Which simply returns the original port if the container is in host mode. Though this feels a bit wrong. host mode doesn't really have a concept of mapped ports - the ports are simply on the host. It seems like we'd be stretching this method beyond it's original abstraction.

The more semantically correct alternative would be to throw if getMappedPort is called when container is host mode:

    default Integer getMappedPort(int originalPort) {
        ...
        Ports.Binding[] binding = new Ports.Binding[0];
        final InspectContainerResponse containerInfo = this.getContainerInfo();
        if (containerInfo != null) {
            if (containerInfo.getHostConfig().getNetworkMode().equals("host")) {
                throw new IllegalArgumentException("getMappedPort is not supported for host network mode");
            }
            binding = containerInfo.getNetworkSettings().getPorts().getBindings().get(new ExposedPort(originalPort));
        }
        ...
    }

We would, however, need to check all references to getMapped port and add in a check for host mode and there's a lot: Screenshot from 2022-08-25 20-27-41

aidando73 avatar Aug 25 '22 11:08 aidando73

Thanks for the investigation @REslim30, this is super helpful to proceed with this.

Both your points are valid and solution 1 seems very pragmatic. And we can improve on this by documenting this behavior in the Javadoc. The blast radius of solution 2 feels too high for me, to be really feasible.

Before talking more about the potential solutions, I would like to circle back to understand the use cases for which to use a container with host network mode in the context of Testcontainers. Can you please give some context @rgugliel-da @javahippie?

kiview avatar Aug 25 '22 12:08 kiview

We need that as part of the quite specific pipeline.
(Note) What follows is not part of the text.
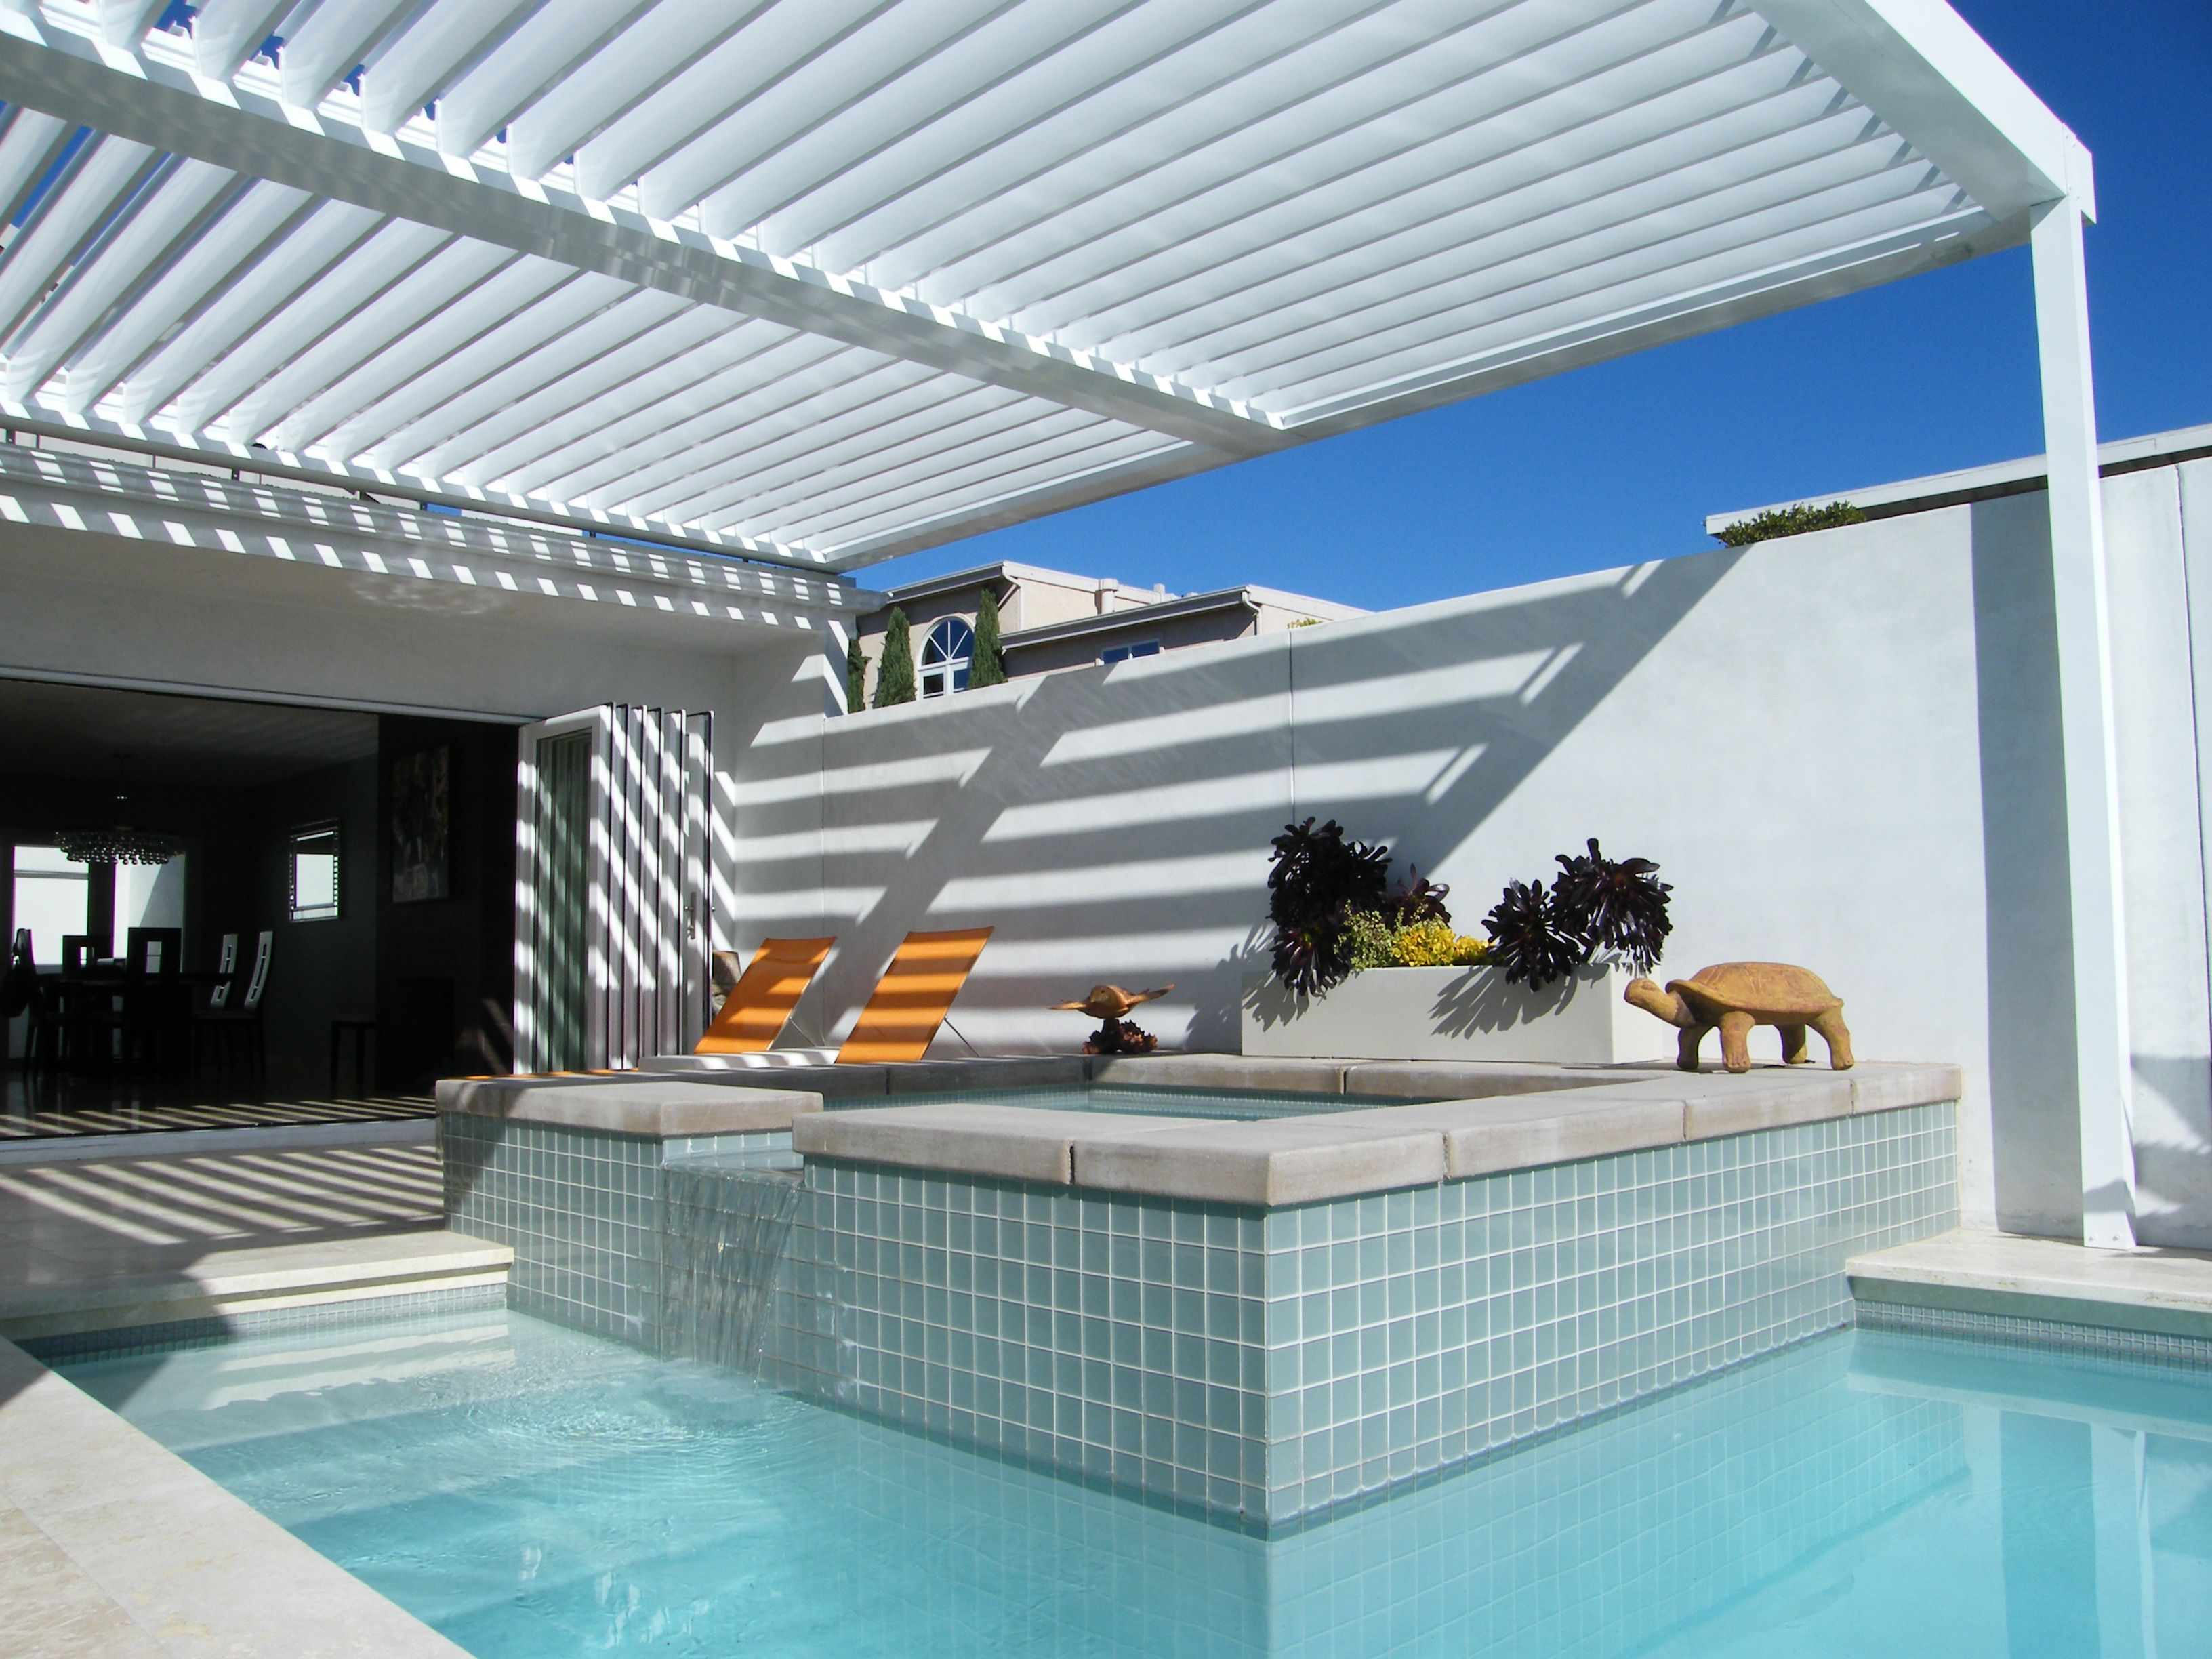 Equinox Louvered Roof System Patio Cover Alumawood Factory intended for proportions 3264 X 2448

We use Testcontainer to run an Oracle DB for testing on CI (Oracle enterprise). The reason we use Testcontainer and not directly the Oracle container is because of technicalities of our CI platform. This nesting of containers creates issue with queries issue to the DB except if we use network=nost.

rgugliel-da avatar Aug 26 '22 09:08 rgugliel-da

@rgugliel-da Thanks for sharing the context. So this is for solving an issue when using a containerized CI and you using Docker-Socket-Mounting to start sibling containers?
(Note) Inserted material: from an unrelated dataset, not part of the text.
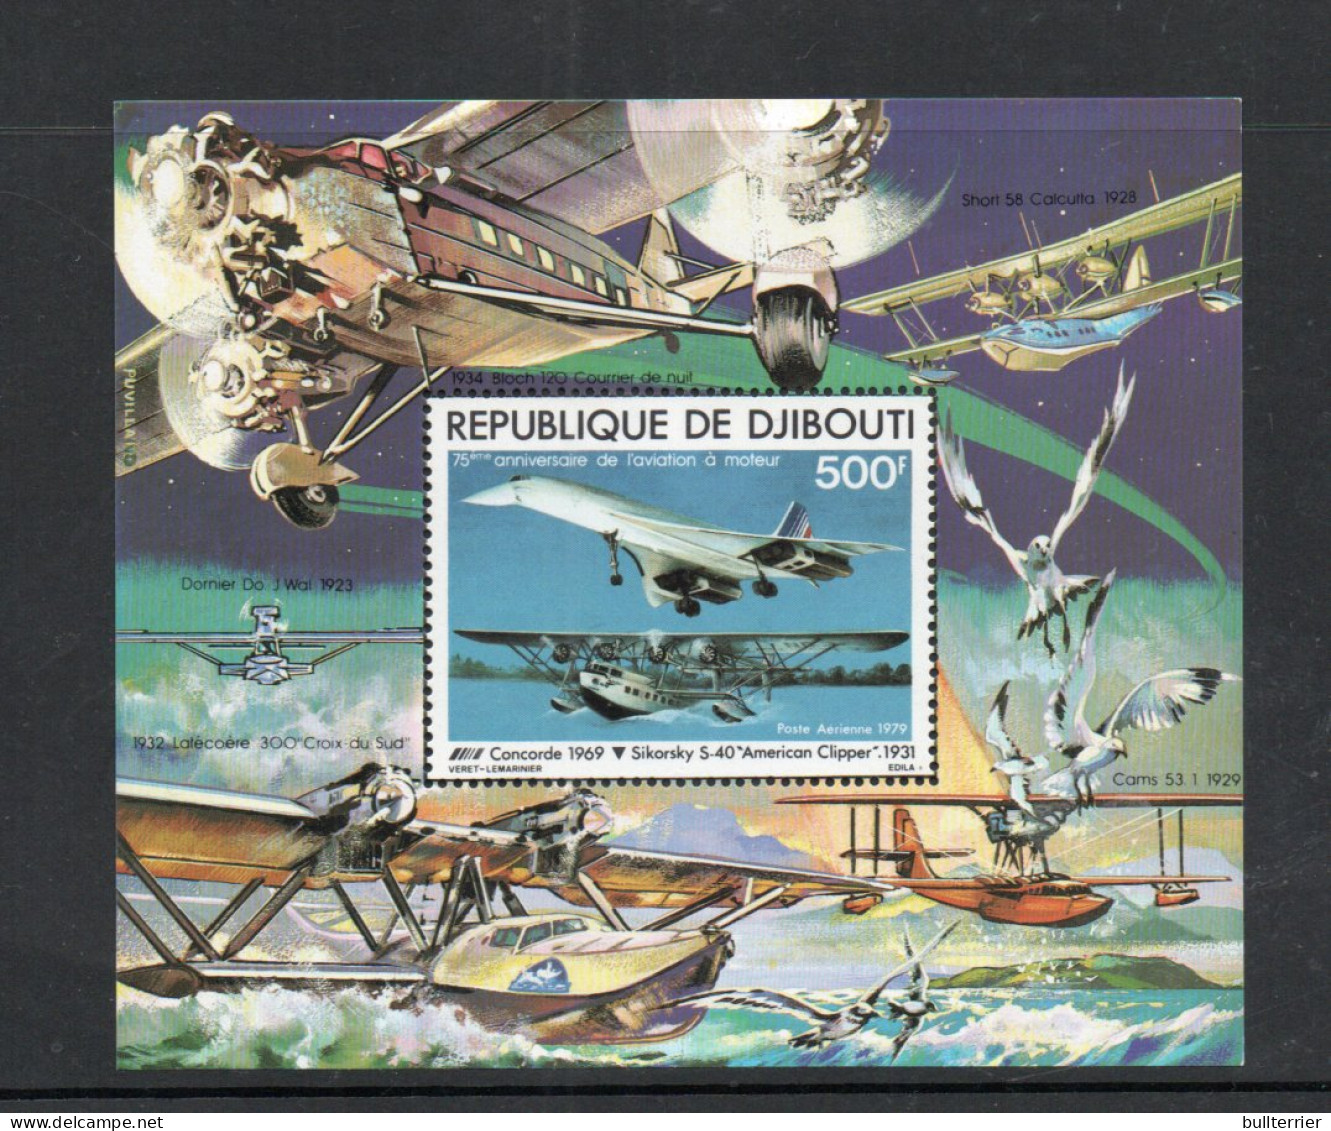 CONCORDE - DJIBOUTI -  1979 - CONCORDE LIMITED ISSUE PERFORATE SOUVENIR SHEET  MINT NEVER HINGED - Concorde

I think I don't yet understand how the network setup affects querying the database in this case. Did you consider putting the sibling container on the same Docker network as the containerized test JVM and don't use dynamic port mapping at all, but rely on fixed port and Docker DNS?

kiview avatar Aug 26 '22 09:08 kiview

Hey @rgugliel-da, any chance to follow up on my previous question? Or alternatively @javahippie?

kiview avatar Sep 14 '22 12:09 kiview

Hi @kiview , I am very sorry for the delay in my response!

So this is for solving an issue when using a containerized CI and you using Docker-Socket-Mounting to start sibling containers?

That's correct.

Did you consider putting the sibling container on the same Docker network as the containerized test JVM and don't use dynamic port mapping at all, but rely on fixed port and Docker DNS?

No, I did not. I went for the current approach because I thought I could use similar setup both locally and on CI.

rgugliel-da avatar Sep 14 '22 13:09 rgugliel-da

No, I did not. I went for the current approach because I thought I could use similar setup both locally and on CI.

I was thinking about using Testcontainers' Advanced Networking Feature. Is there an in the communication of 2 containers started by Testcontainers with each other, or is it about the JVM process communicating with the Oracle container?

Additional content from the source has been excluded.